The goal of this work is to examine the extent of MIG's mitigation—specifically, whether cross-instance L2 cache interference can still occur under the partitioning design and lead to security concerns. This investigation is critical since MIG has become a key feature in modern GPUs:

1. MIG plays an important role in multi-tenant GPU environments, since it introduces hardware-enforced isolation that provides both performance and security benefits for GPU applications.
2. The significance of MIG is further amplified in NVIDIA CC: the second-generation MIG is specifically designed to provide hardware-isolated TEEs to support NVIDIA CC.

## 4 Characterization of MIG L2 Cache Isolation

We conduct experiments to examine the L2 partitioning design in MIG on NVIDIA GPUs. The physical L2 cache partitioning design in MIG makes cross-instance L2 cache evictions theoretically infeasible. However, other forms of cross-instance interference may still occur.

### 4.1 Cross-Instance Cache Interference

To detect cross-instance L2 cache interference, we profile the L2 cache behavior of a simple GPU program (the detector) in one MIG instance, while a workload with various GPU activities (the stressor) is running in another instance.

**Results:** We find that none of the tested user-level activities—via the LD, ST, and ATOM instructions—have any observable impact on the profiling results. However, several driver-level activities substantially affect the profiling results:

1. Launching CUDA kernels
2. Calling `cudaFree`, `cudaMemcpy`, or `cudaMemset` APIs
3. Creating or destroying CUDA contexts

Further examination reveals these additional L2 requests are **memory barrier requests** (membars). Membars are used to enforce the ordering of memory operations. They guarantee that all memory accesses issued before a membar are globally visible before any memory access issued after it.

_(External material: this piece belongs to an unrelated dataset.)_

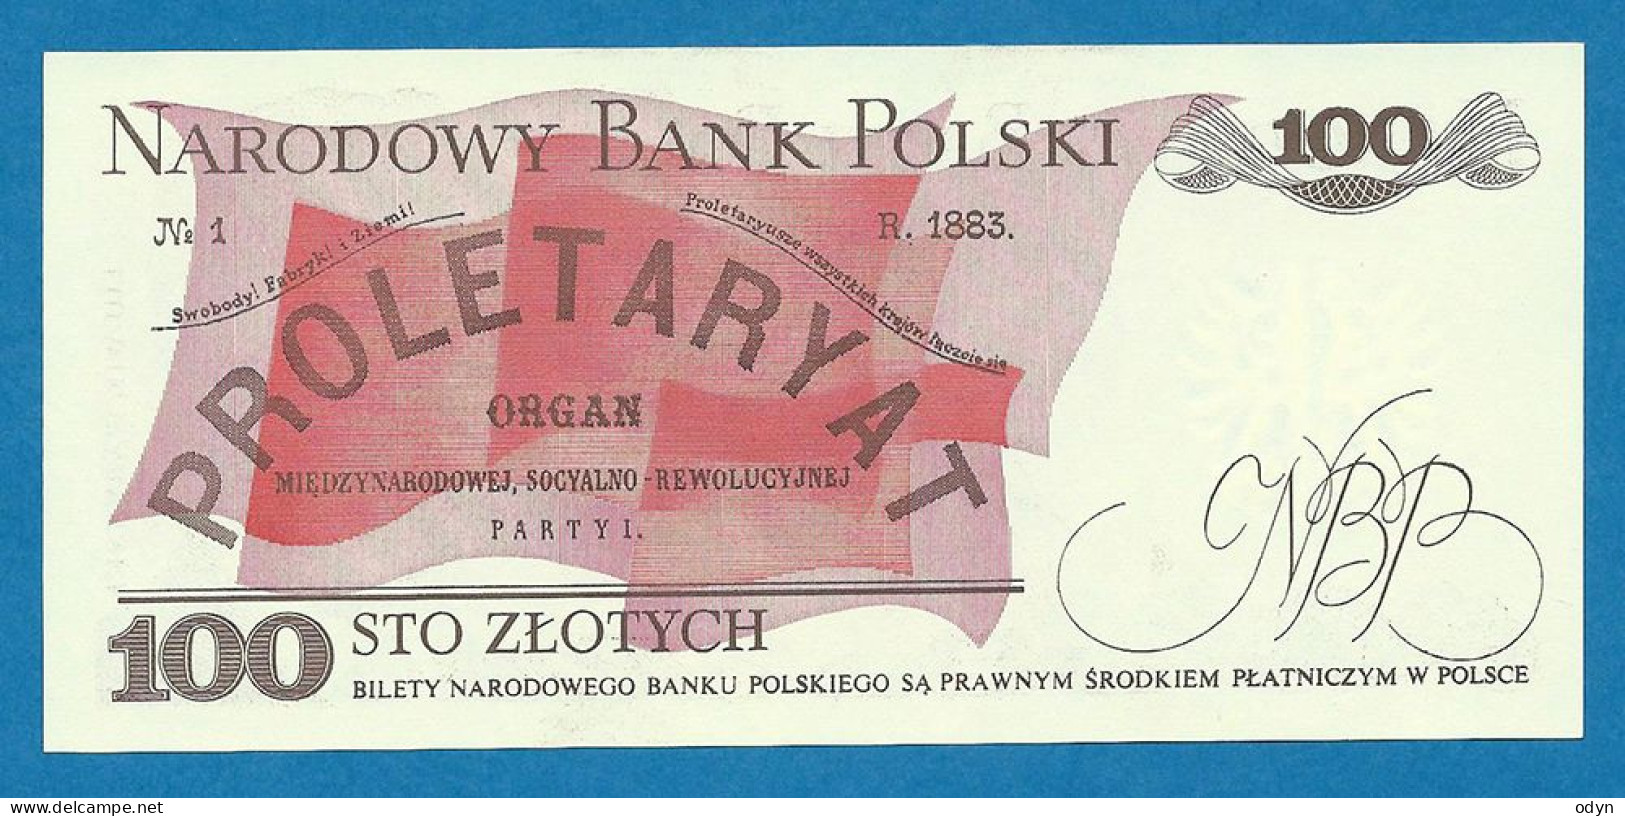 Poland, 1986, 1988; lot of 24 banknotes 100 zlotych, UNC, -UNC, AU - see description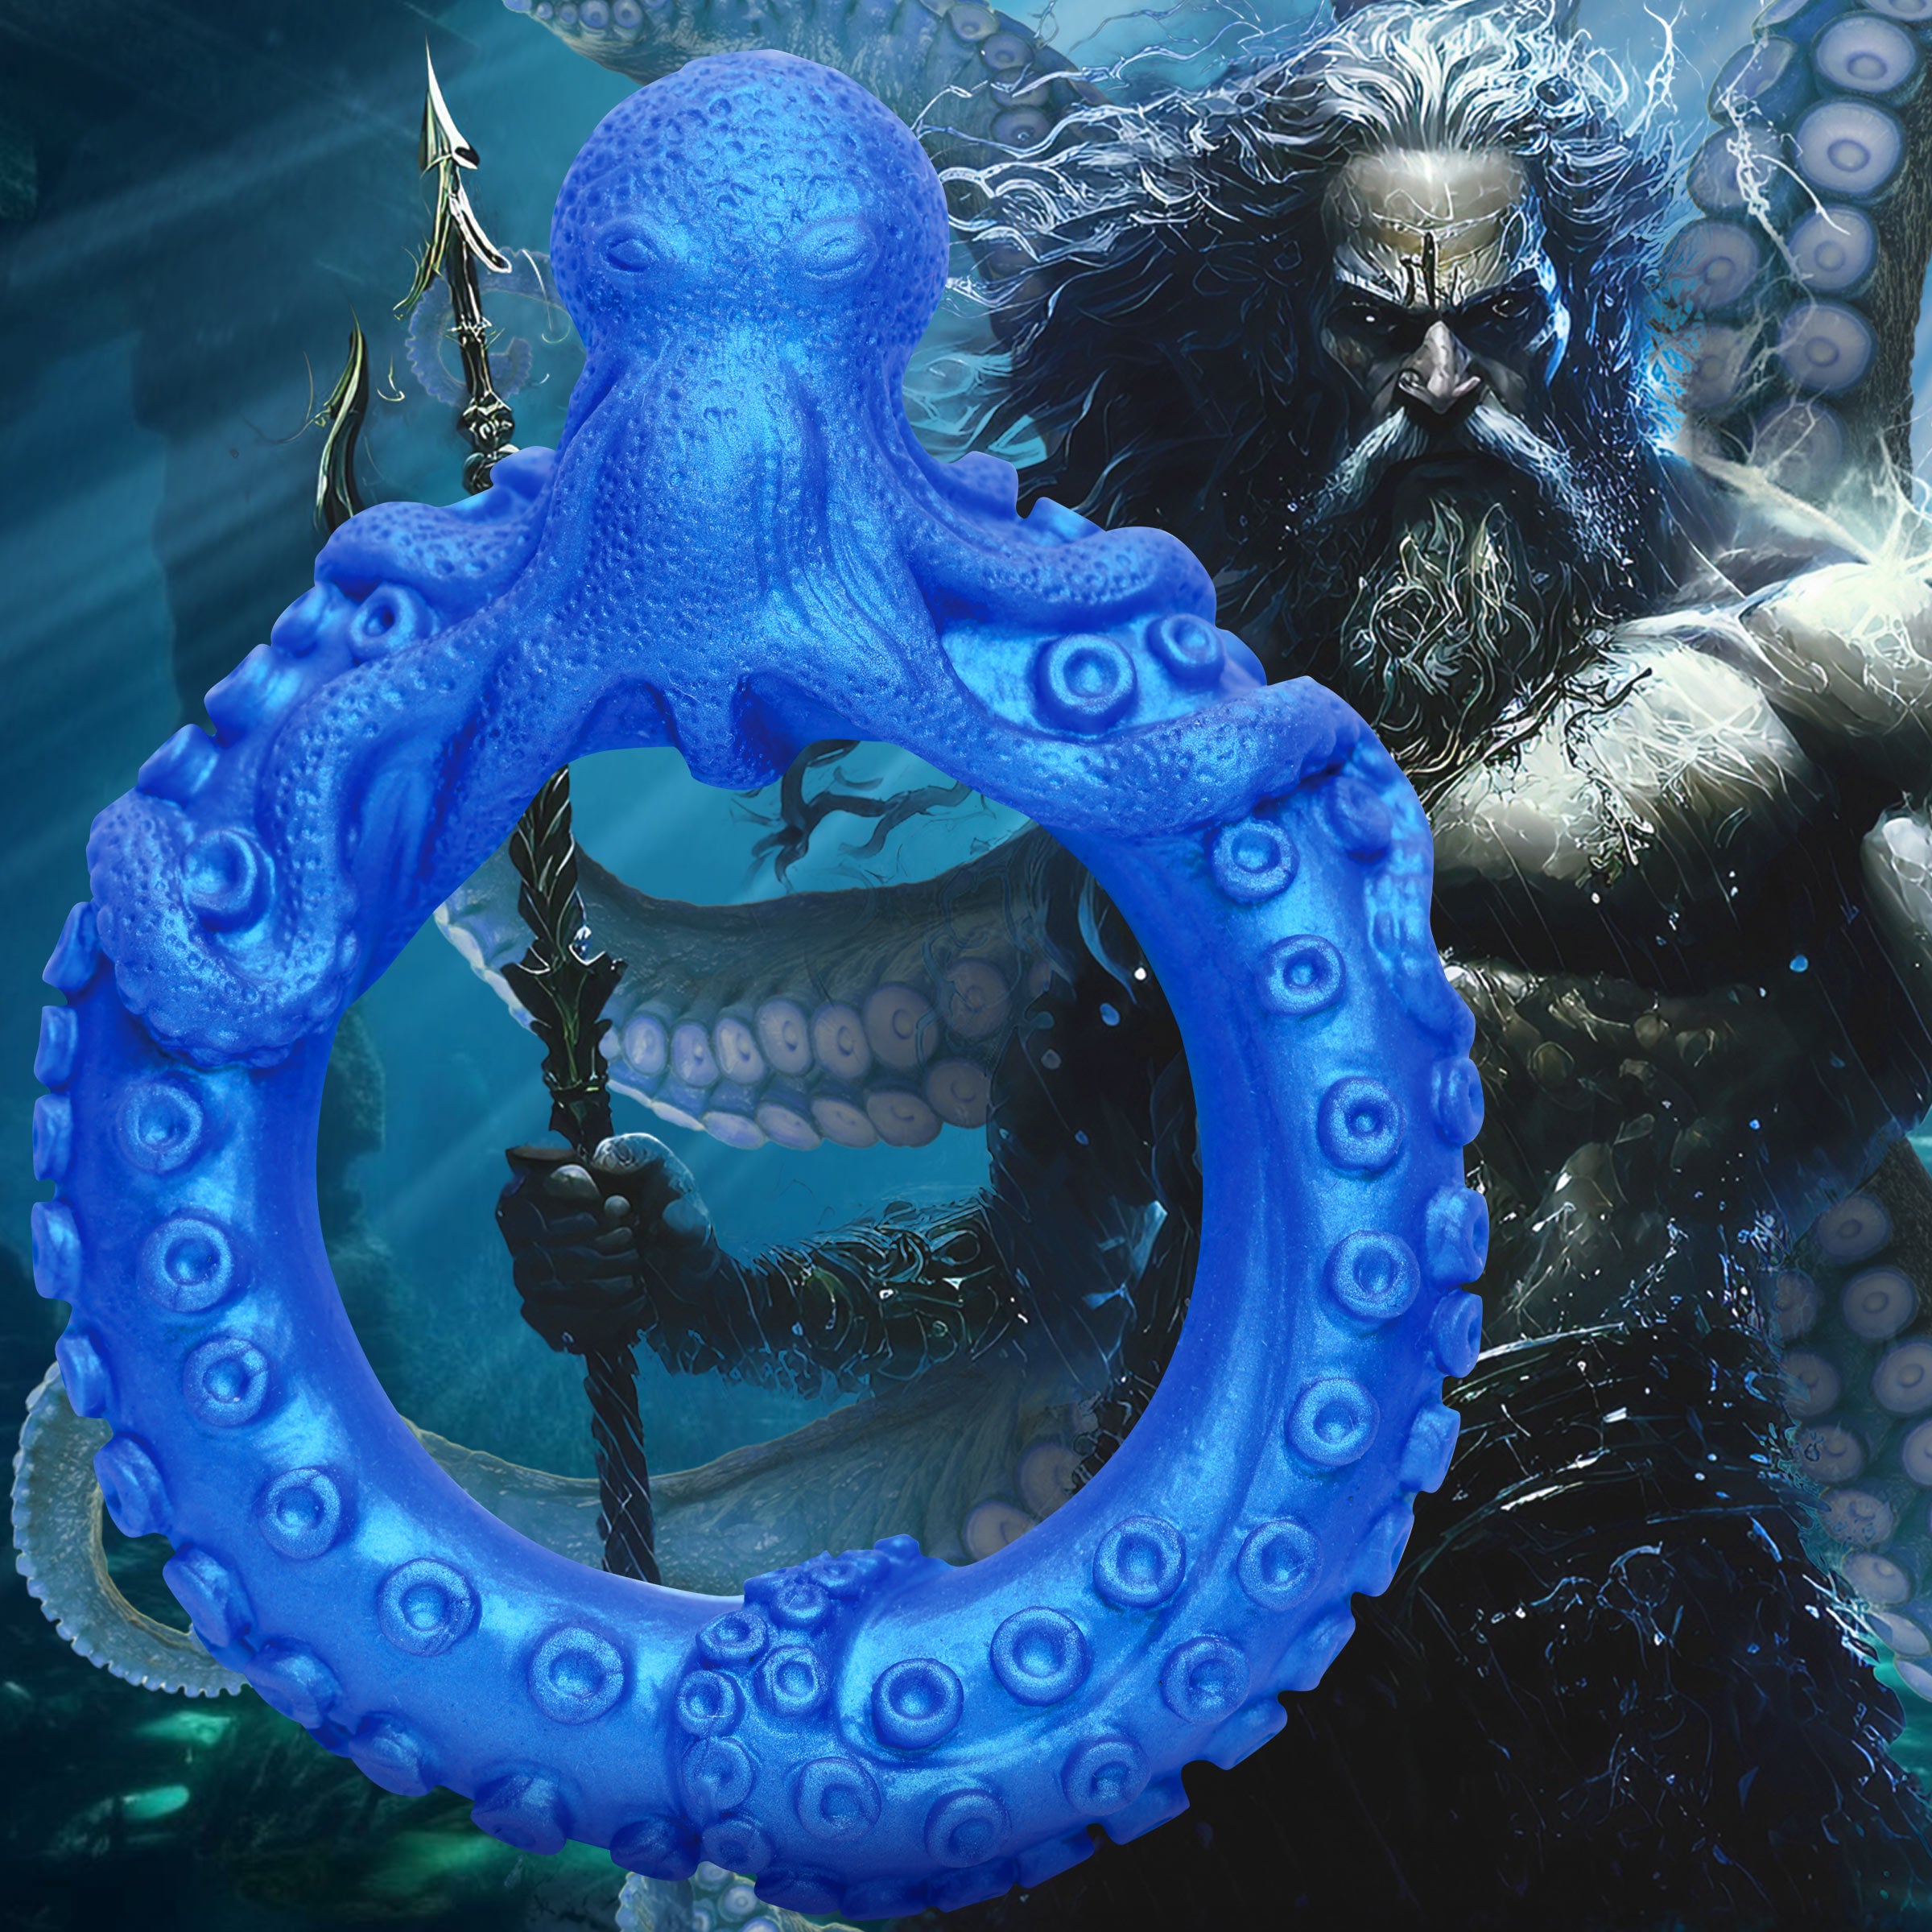 Poseidon's Octo-ring

## 5 The Membar+Load Attack

### 5.1 Timing-Based Detection

We show that `LD.STRONG.GPU` instructions consistently run slower in the presence of membars from another MIG instance. This enables timing-based detection without requiring privileged profiler access.

### 5.2 Covert Channel

We develop Membar+Load as a covert channel:
- **Sender**: Transmits a "1" by repeatedly issuing membars, or a "0" by remaining idle
- **Receiver**: Detects bits by timing `LD.STRONG.GPU` instructions

### 5.3 Side-Channel Attacks

We demonstrate two practical side-channel attacks:

**Attack 1: LLM Inference Fingerprinting**
- Different LLMs exhibit different kernel launch patterns
- The attacker can fingerprint the LLM in use
- Given a specific LLM, the prefill and decode phases have distinct patterns
- By separating these phases, the attacker can estimate input/output token counts
- This information can reveal characteristics of the inference, such as the topic of the task

**Attack 2: Graph Processing Fingerprinting**
- The kernel launch pattern of a graph processing workload varies depending on the input graph
- The attacker can fingerprint the graph being processed from a set of candidates

## 7 Discussion and Generalization

We tested our findings on multiple systems with different GPUs (A100, H100) and driver versions. The cross-instance membar interference is consistently observable across all tested configurations.

## Responsible Disclosure

We disclosed our findings to NVIDIA on June 30, 2025. NVIDIA acknowledged our report and requested a three-month embargo on July 25, and lifted the embargo on October 13. In addition, AMD MI300X GPUs feature a design called Core Partitioned X-celerator (CPX), which is similar to NVIDIA's MIG. Although we were unable to test CPX due to lack of access to AMD GPUs, we disclosed our findings to AMD as well.

## Conclusion

To the best of our knowledge, Membar+Load is the first cache attack method that works across MIG instances. This work demonstrates that despite NVIDIA's claims about cache isolation in MIG, cross-instance interference via memory barriers creates an exploitable side channel that can compromise the confidentiality of GPU applications in supposedly isolated environments.